Universities should lead the fight to preserve humanity
Yet hardly a day goes by without a new report on the climate crisis. To address human survival during this climate crisis, I and others have launched The Last Humans Project.
Global higher education, which comprises around 19,400 institutions, according to the World Higher Education Database, is responding to climate change through initiatives for ‘sustainability’ or ‘resilience’. The focus is usually on institutions preparing their campuses to function despite disruptions from climate change and, as a second goal, to reduce the institutional carbon footprint.
Some courses in higher education do aim at raising consciousness among students about climate change, but, generally, it is safe to say that global higher education does not see itself as a whole-sector leader for global action to ‘fight’ climate change or to help human society adapt to inevitable climate change effects.
Why not? With 250,000,000 students enrolled, global higher education is the largest single entity that could potentially act collectively around one mission to lead the human response to the climate crisis.
Promoting civil society
Higher education, as a primarily non-profit sector, has the specific requirement to ‘do social good’. There is no doubt that educating the populace is a social good. But what about ‘social good’ interpreted as preserving civil society as part of a collaborative force to deal with a shared crisis?
This would move higher education beyond developing individuals who, when they graduate, may or may not themselves do ‘social good’. What if, instead, some percentage of those graduates had deep experience of working on climate crisis projects?
Global higher education could preserve civil society and humanity in this way: adopt one universal mission statement for all 19,400 institutions and adopt a version of the ‘extinction rebellion’ curriculum as proposed by The Last Humans Project.
This project shows, through a review of evolution studies, that humans invented language far earlier than is commonly claimed by evolution researchers, not 50,000 years ago but 2.5 million years ago. Therefore, we show, it was language that produced our thinking, our society and our culture and that, therefore, we humans have evolved within a culture during the most formative period of evolution.
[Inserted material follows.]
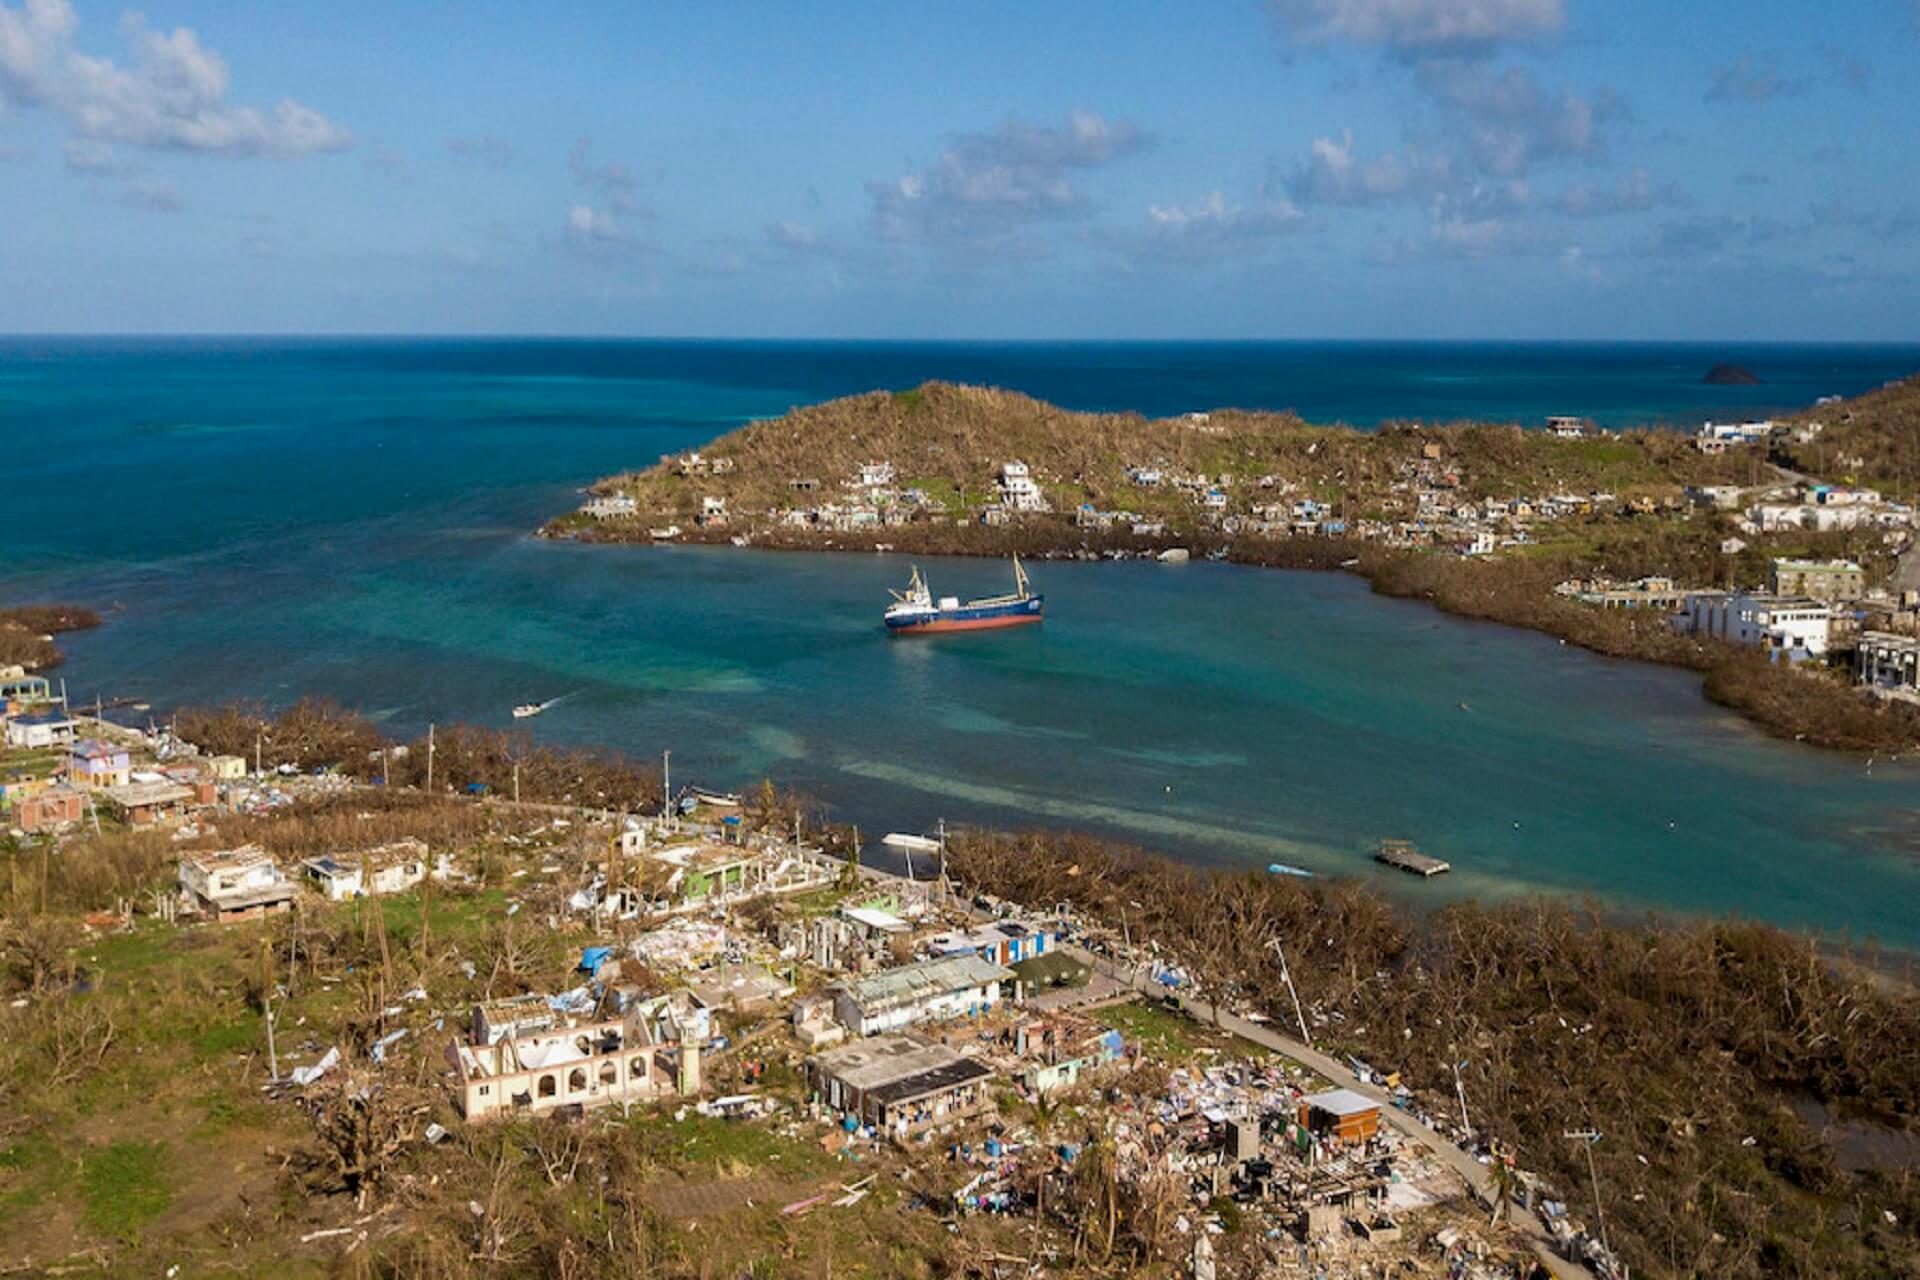 La reconstrucción de San Andrés y Providencia no va por buen camino - Razón  Pública

Since language and culture are the actual drivers of humanity and the entire species faces extinction, we must re-organise learning in higher education to build on our core human abilities. Let’s swim with the current of humanity rather than against it.
By emphasising not just STEM – science, technology, engineering and mathematics – which are all derivative thinking abilities, but the source of those derivatives (language), we can use our natural tendencies and build on them to help humanity survive. We can build a curriculum that fosters our communication abilities, creativity, innovation and action, a curriculum which is just what this century needs.
This might seem complicated, but it’s not. All institutions which take part in the project would adopt this mission statement:
- • To lead the world in preserving human society during the current mass extinction caused by climate change.
- • To offer a programme that enrolees can choose that will engage them immediately upon matriculation in real-world projects aimed at preparing human society for extinction events such as floods, fires, rising seas, droughts, heat waves and famine, as well as climate refugees and other similar climate change effects that are bringing about the sixth mass extinction on Earth that includes a threat of human extinction.
Then, all institutions would organise their existing courses to include projects related to climate adaptation in the region – problem-based courses in almost any field, courses in writing or history or geography or political science or engineering, courses that develop creativity for innovation and problem-solving, such as courses in poetry taught as a course in creativity (or any similar courses such as in architecture or music or design).
There is no need for new courses and getting them approved by curriculum committees (or whatever they might be called) and suffering the delay that brings while the world burns.
A new ‘major’ or ‘concentration’ or ‘course of study’ (whatever is appropriate in your context) could be put in place immediately with an institutional administrative push.
And, to add to the incentive, no better course of study exists. If one’s goal is only ‘life success’ and not ‘saving humanity’, this course of study with the mission statement given above would still be the best life preparation for our age.
How competitive would it be to promote your institution as offering a climate change concentration that prepares students for the world they will live in.
No strings attached
The Last Humans Project, right now, is an offering to the world with no strings attached. No one profits from the project in the usual ways at this point. If anyone wants to adopt the ideas at the site – thelasthumans.org – we only ask for attribution.
I am a university professor/professional staff who enjoyed a tenured status and who then became a technology director and then worked for the Office of Educational Innovation and Technology (OEIT) at MIT (among many other jobs). (OEIT is now “archived”). I then founded and led the Association for Authentic, Experiential and Evidence-Based Learning (AAEEBL) from 2009 to 2017. AAEEBL had institutional members in the United Sates, Canada, the United Kingdom and Australia.
At this point, I have only collegial affiliations with higher education. I do the project because of my grandchildren.